Luisa A. Igloria is the better poet for her use of content and form that objectify a wisp of an experience into a palpably affecting aesthetic experience. But I do not want the reader "to miss the many splendoured thing," by more hermeneutics.



Luisa A. Igloria was born in the Philippines and
received a PhD in creative writing from the University of Illinois. The author of ten poetry collections, she received the 2009 Ernest Sandeen Prize for Juan Luna’s Revolver. She was chosen by Ted Kooser as the recipient of the 2007 James Hearst Poetry Prize and by Adrienne Rich for the 2006 National Writers Union Poetry Prize, and she was a finalist in Narrative’s First Annual Poetry Contest. Igloria directs the MFA Creative Writing Program at Old Dominion University, Virginia. (From Narrative)

Luisa A. Igloria (previously published as Maria Luisa Aguilar-CariƱo) has been published in numerous anthologies and journals including Poetry, Crab Orchard Review, The Missouri Review, Poetry East, Smartish Pace, The Asian Pacific American Journal, and TriQuarterly.

She has received various national and international literary awards including the 2007 49th Parallel Poetry Prize (Bellingham Review, selected by Carolyne Wright); the 2007 James Hearst Poetry Prize (selected by former US Poet Laureate Ted Kooser for the North American Review); the 2006 Richard Peterson Poetry Prize ( Crab Orchard Review ); the 2006 Stephen Dunn Award for Poetry; Finalist for the 2005 George Bogin Memorial Award for Poetry (Poetry Society of America, selected by Joy Harjo); the 2004 Fugue Poetry Prize(selected by Ellen Bryant Voigt); Finalist in the 2003 Larry Levis Editors Prize for Poetry from The Missouri Review; Finalist in the 2003 Dorset Prize (Tupelo Press); a 2003 partial fellowship to the Summer Literary Seminars in St. Petersburg; two Pushcart Prize nominations; and the 1998 George Kent Award for Poetry.
--oOo--
Originally from Baguio City, in the Northern Philippines, Luisa is also an eleven-time recipient of the Carlos Palanca Memorial Award for Literature (the top literary prize in the Philippines) in three genres (poetry, nonfiction, and short fiction); she has also been inducted into the Palanca Hall of Fame. She has published 10 books including Encanto (Anvil, 2004), In the Garden of the Three Islands (Moyer Bell/Asphodel, 1995), and most recently Trill & Mordent (WordTech Editions, fall 2005.) Trill & Mordent was a Runner-up for the 2004 Editions Prize, the recipient of the 2005 Calatagan Award from the Philippine American Writers and Artists organization, a nominee for the 9th annual Library of Virginia Literary Awards (poetry category) in 2006, and a nominee for the 2007 Global Filipino Literary Awards (poetry category). (From Panitikan, ph.)

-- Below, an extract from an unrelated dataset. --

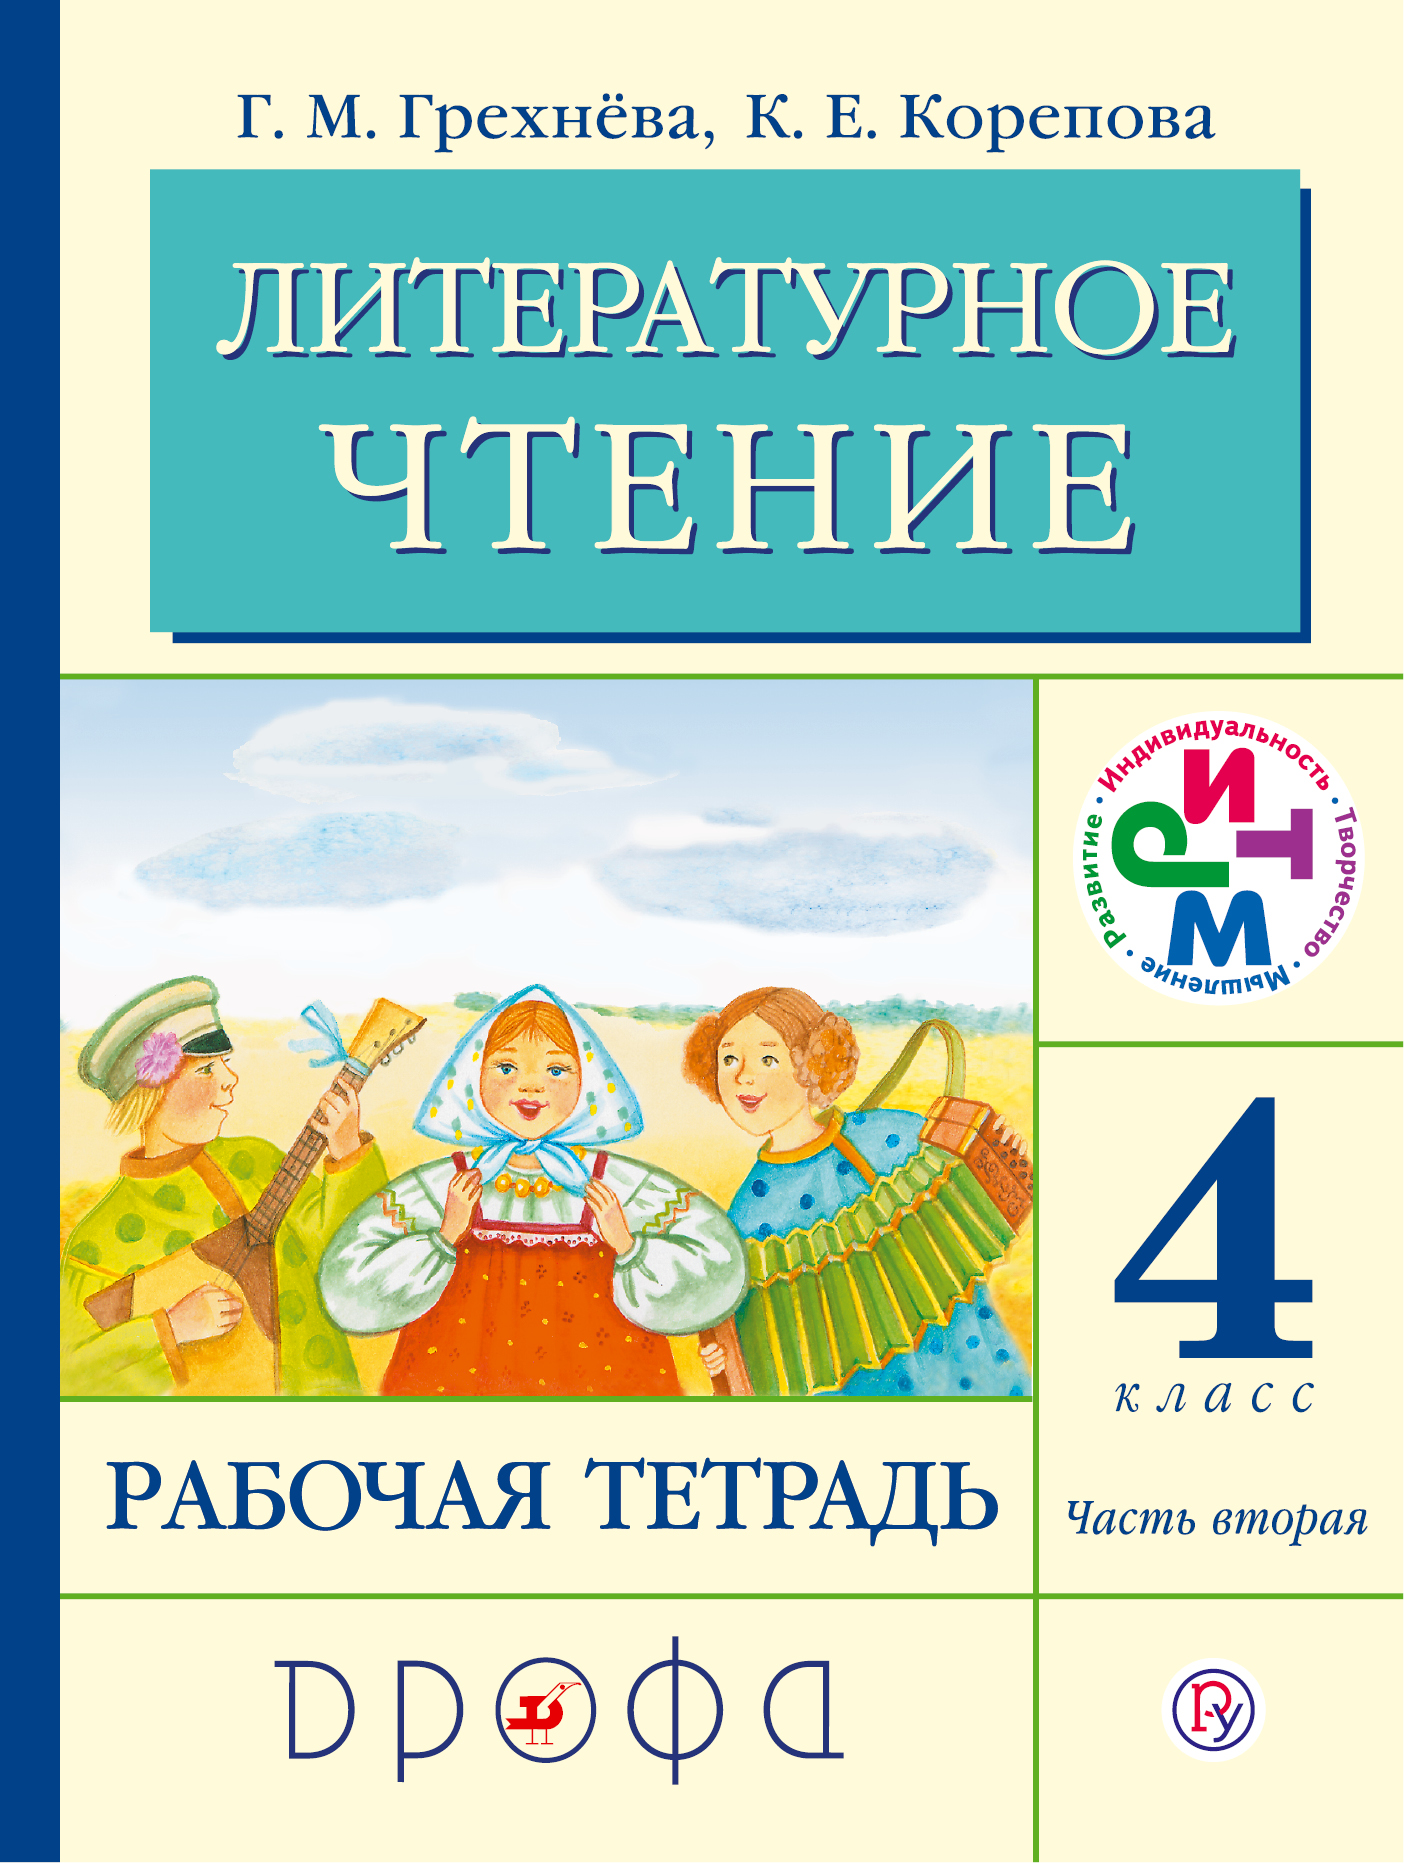 Грехнева Г.М., Корепова К.Е. Литературное чтение. 4 кл. Рабочая тетрадь. Часть 2. РИТМ

http://www.luisaigloria.com/

--------

Imprimatur: (Following is this writer's comment sent to Ms. Igloria's Blog "The Lizard Meanders" asking for permission to republish her poem (published by Narrative).

Luisa,
The deep ambiguity of this poem had me spinning looking for the object of "the dark catalyst of desire." A love poem, no doubt, it could be a remembrance of someone, something dead but un-dead "making importunate demands."
Then someone knocks at a gate --- "what have I held in my arms and loved?" This new one, this surrogate, strikes the chords "trembling the leaves." Will this amour last? "Only let me keep what I may." The "warm breath in my ear mouthing a name" is the "rivulet" come to sate the love thirst. But it does "fold back in water."
Luisa, what a powerful last line. What a lovely, lovely love poem.
May I publish it in my lit blog with an analysis of its poetic equipment and a critique of how it achieves its content through its truncated lines and conceits (I saw the Narrative lines.)?
As always, you write excellent poetry. Congratulations.